Prior Acts Date Limits Insurer’s Liability for Underlying Judgment
The United States District Court for the Eastern District of Virginia, applying Virginia law, has held that a lawyer’s professional liability insurer’s liability was limited because the underlying action arose out of acts, errors, or omissions occurring on or before a prior acts date specified in the policy. Minnesota Lawyers Mut. Ins. Co. v. Protostorm, LLC, 2016 WL 3447892 (E.D.Va. June 22, 2016).
The insurer issued a malpractice policy to a law firm. The policy included a split limit of liability, providing $5 million in coverage for any Claim arising out of any acts, errors, or omissions which occurred on or before October 25, 2006, and a $10 million limit for any acts occurring after that date.

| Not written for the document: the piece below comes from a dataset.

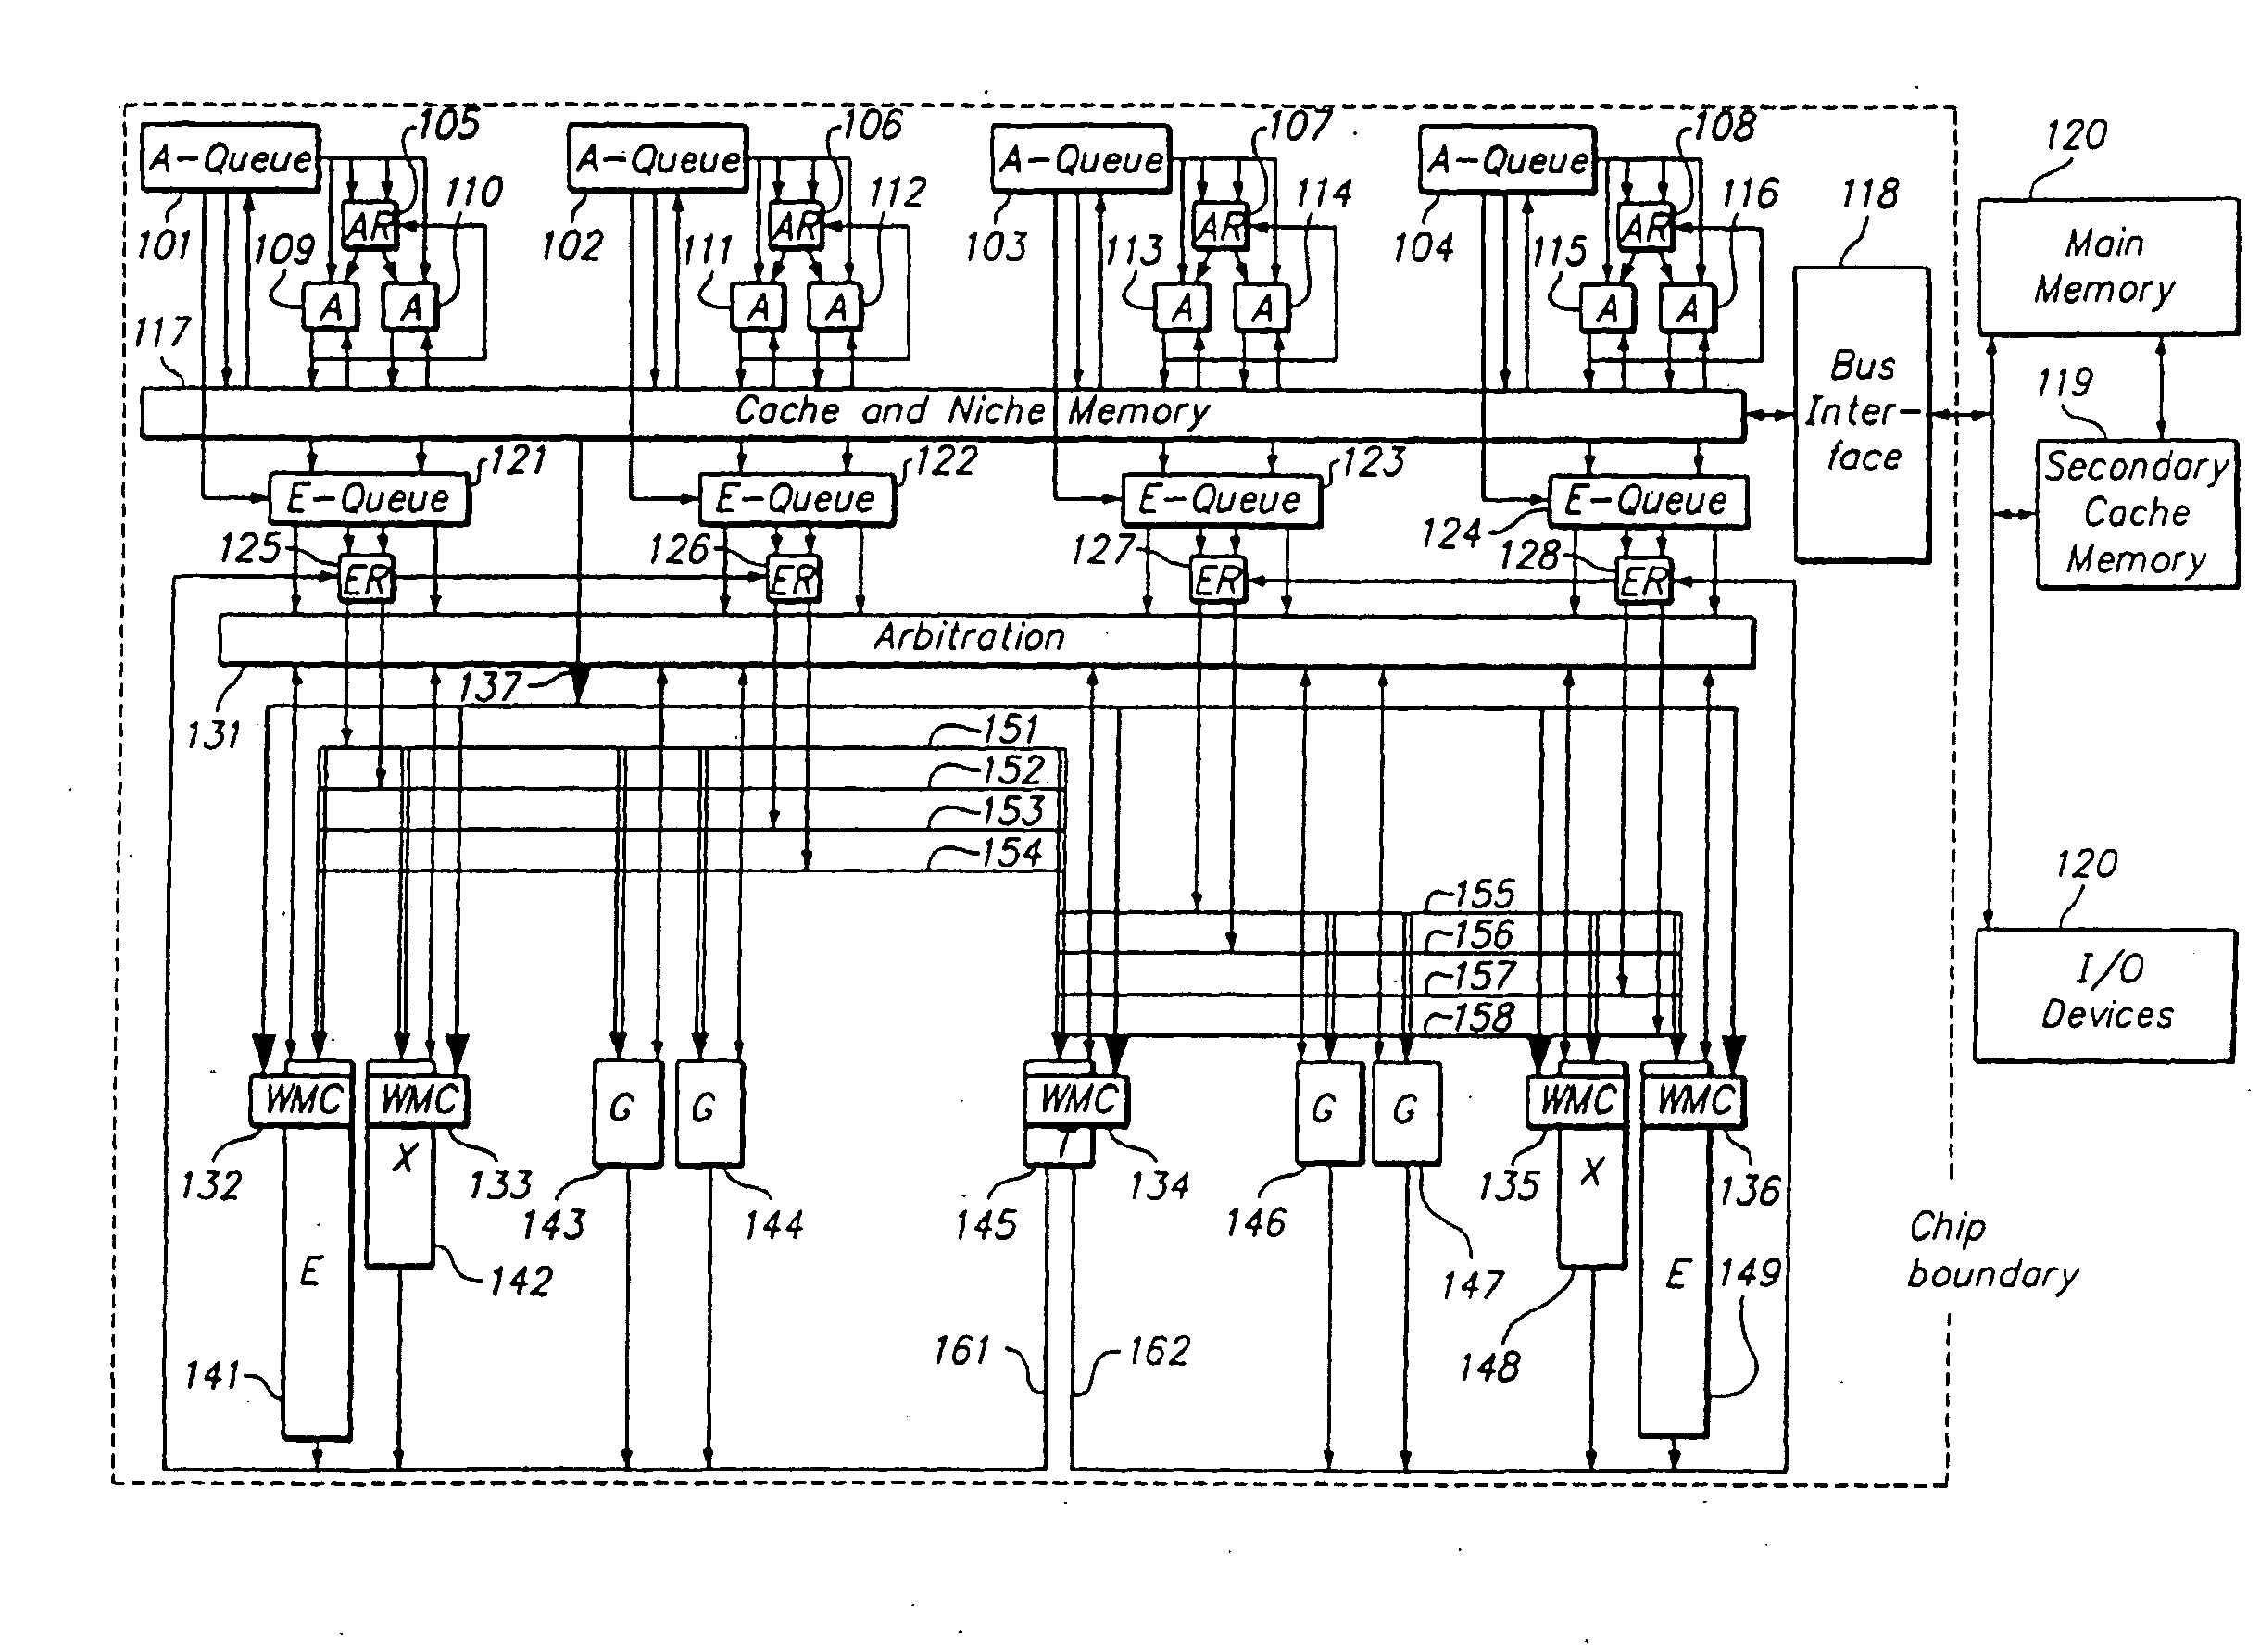 Processor for executing switch and translate instructions requiring wide operands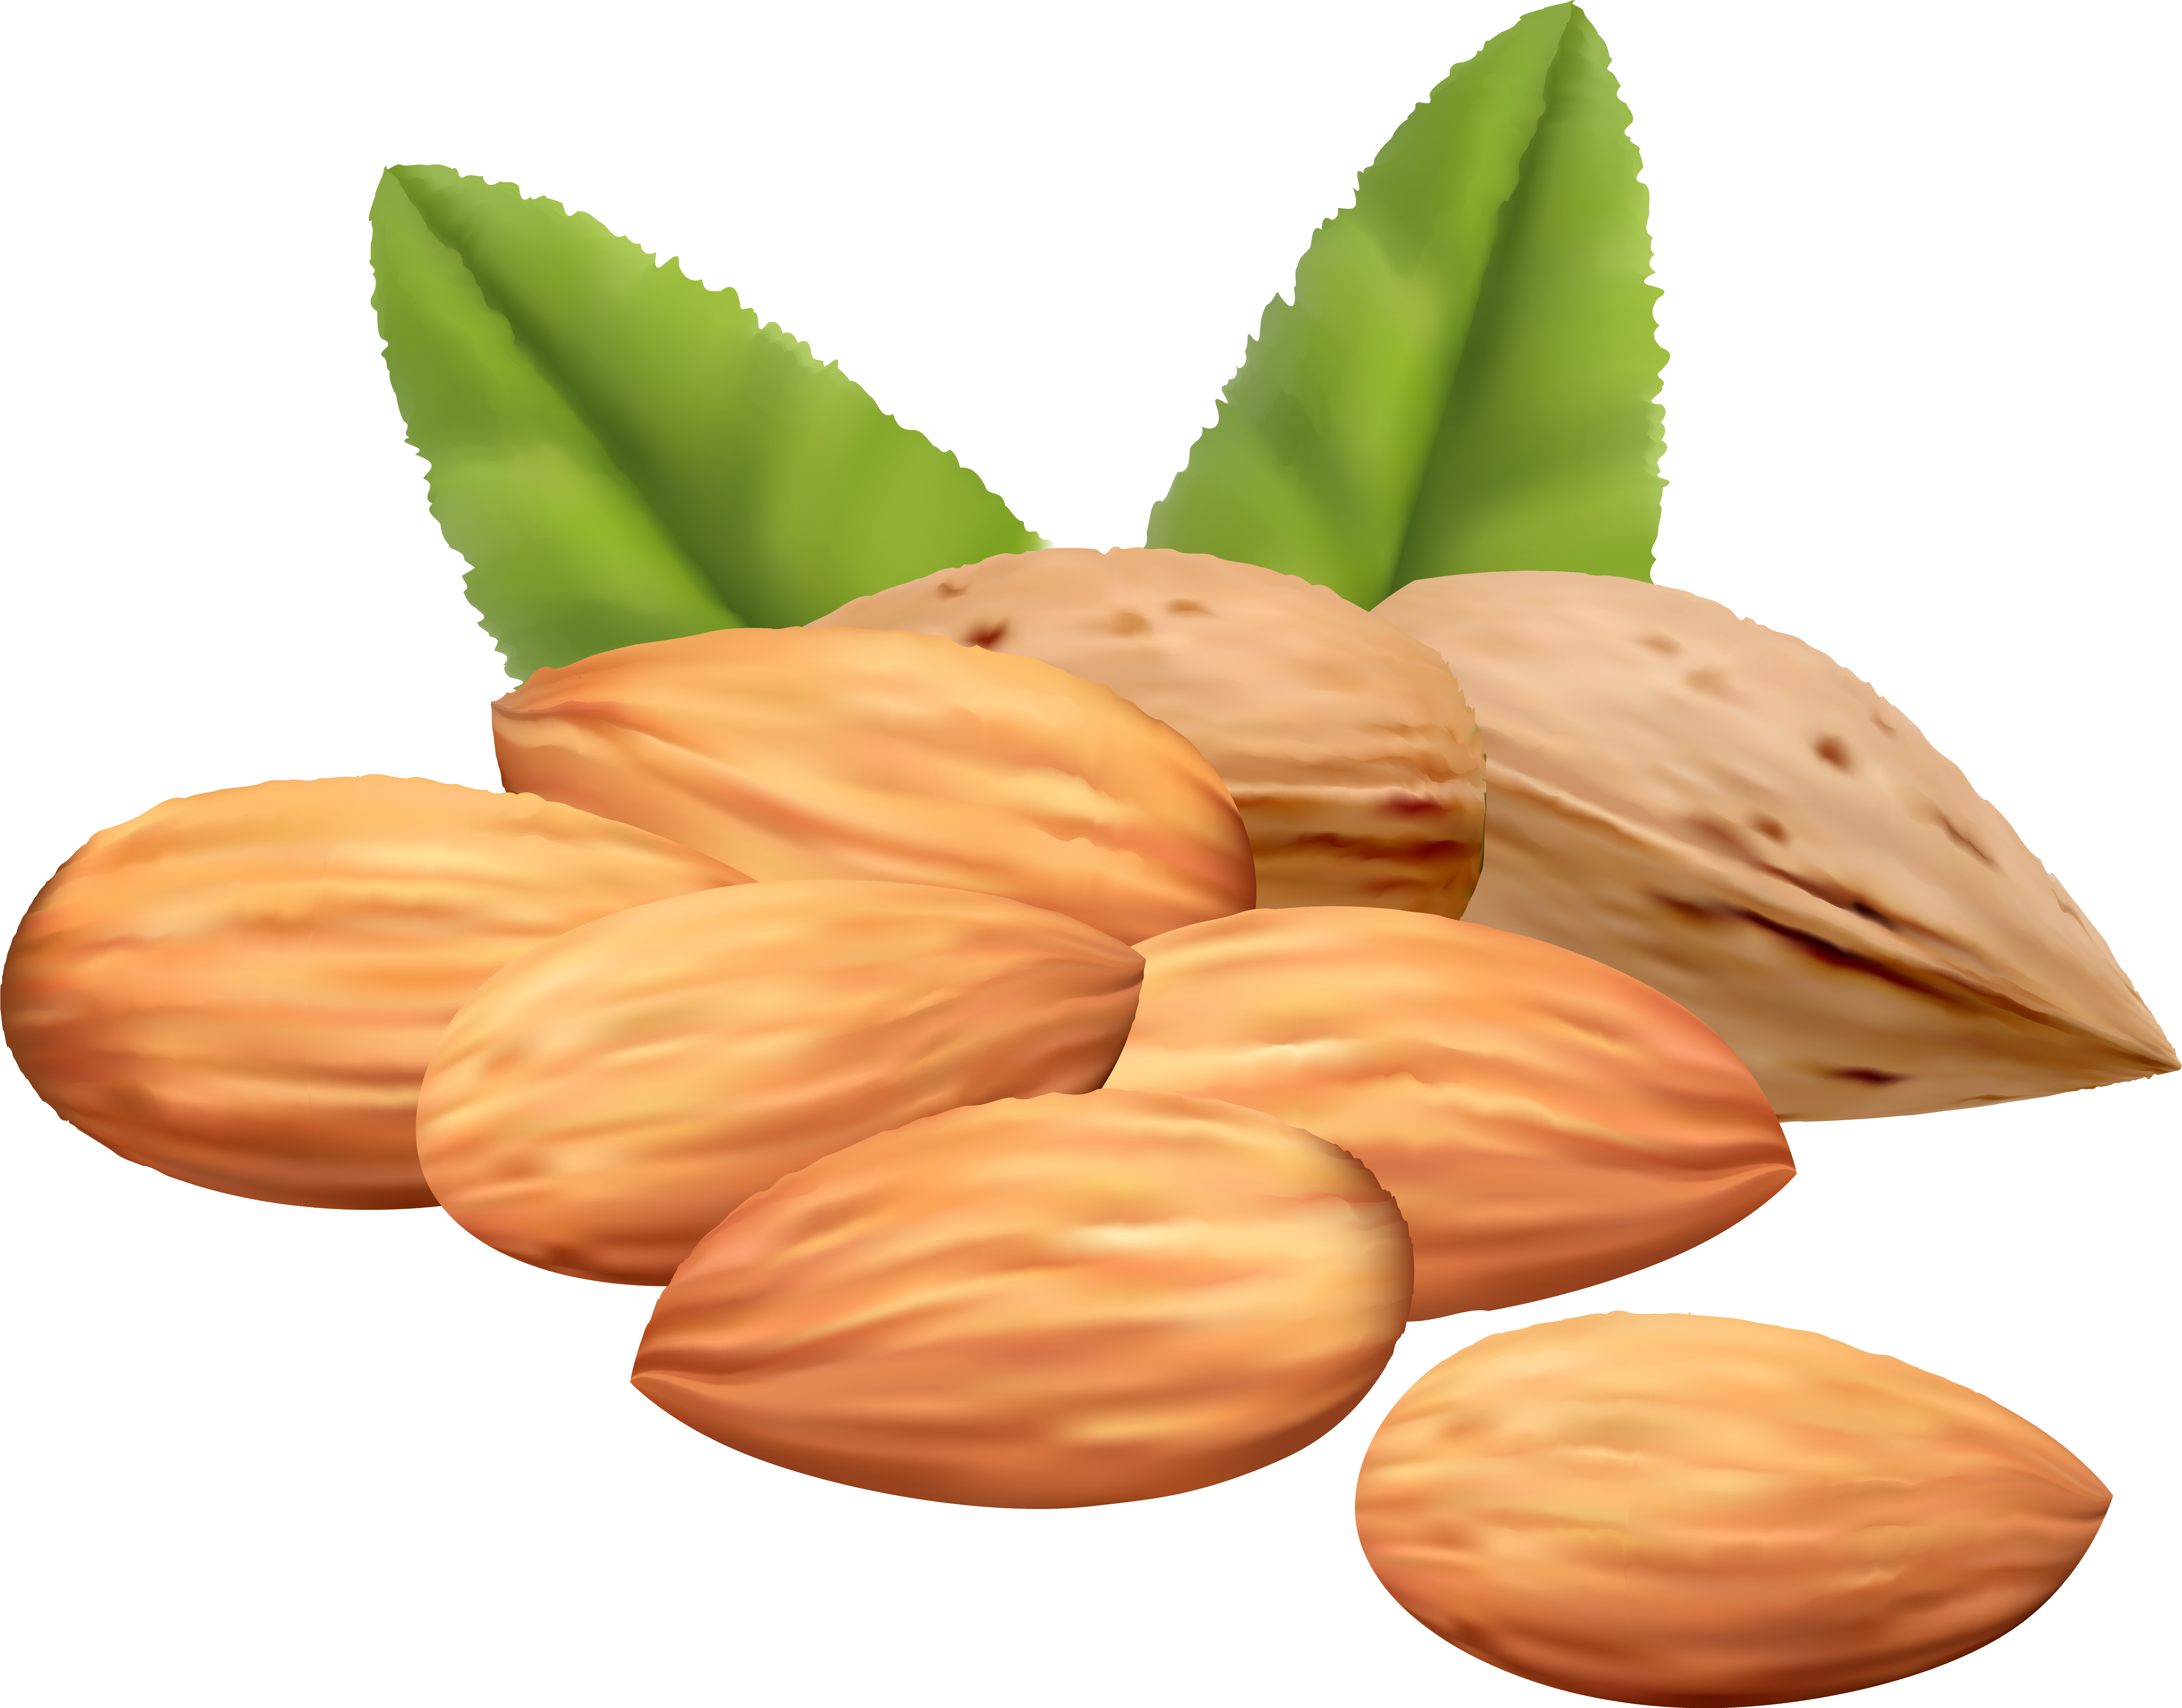 Almond Nuts Png Clipart Image - Nuts And Their Names.

An internet game company retained the law firm in 2000 to prepare and prosecute patent applications. The law firm properly filed a provisional application in 2001, but allegedly made a mistake in a later filing, jeopardizing the company’s ability to receive patent protection. The error could have been corrected as late as February 2003; however, the firm abandoned the patent application without informing the company. When the company did not hear from the firm for five years, it investigated and learned in 2008 that the law firm had abandoned the application. The company filed suit. The jury found for the company, awarding compensatory damages of nearly $7 million.
The insurer sought a declaratory judgment that the policy’s $5 million limit of liability applied, rather than the $10 million limit, because the underlying judgment arose out of acts, errors, or omissions occurring before October 25, 2006.
The court determined that the lower limit of liability applied. The court reasoned that because the relevant endorsement addressed the insurer’s duty to indemnify for claims resulting from the rendering of professional services, the term “Claim” should be read in context to mean “the cause of action within a lawsuit that obligates [the insurer] to pay damages covered by the Policy.” In interpreting the phrase “arising out of,” the court examined whether there was a “causal connection between a particular fact or source of law and an essential element of the cause of action alleged.” The court determined that law firm’s liability arose from its failure to prosecute the applications, which could not be corrected after February 2003. Thus, the court reasoned that “all of the elements necessary for the accrual of the malpractice cause of action were present by early 2003 at the latest,” and the action could not have been a Claim arising out of an act, error or omission occurring after October 2006.
The court rejected the law firm’s theory that the Claim at issue comprised the entire malpractice lawsuit and that the success of that lawsuit depended on some post-October 2006 act to toll the statute of limitations. The court determined that, “[a]s a factual matter, no post-October 2006 act, error, or omission was necessary to the tolling of the statute of limitations,” and “[a]s a legal matter, it is clear that under the New York law that governed the malpractice lawsuit that acts tolling the statute of limitations do not affect the date of accrual of the cause of action itself.”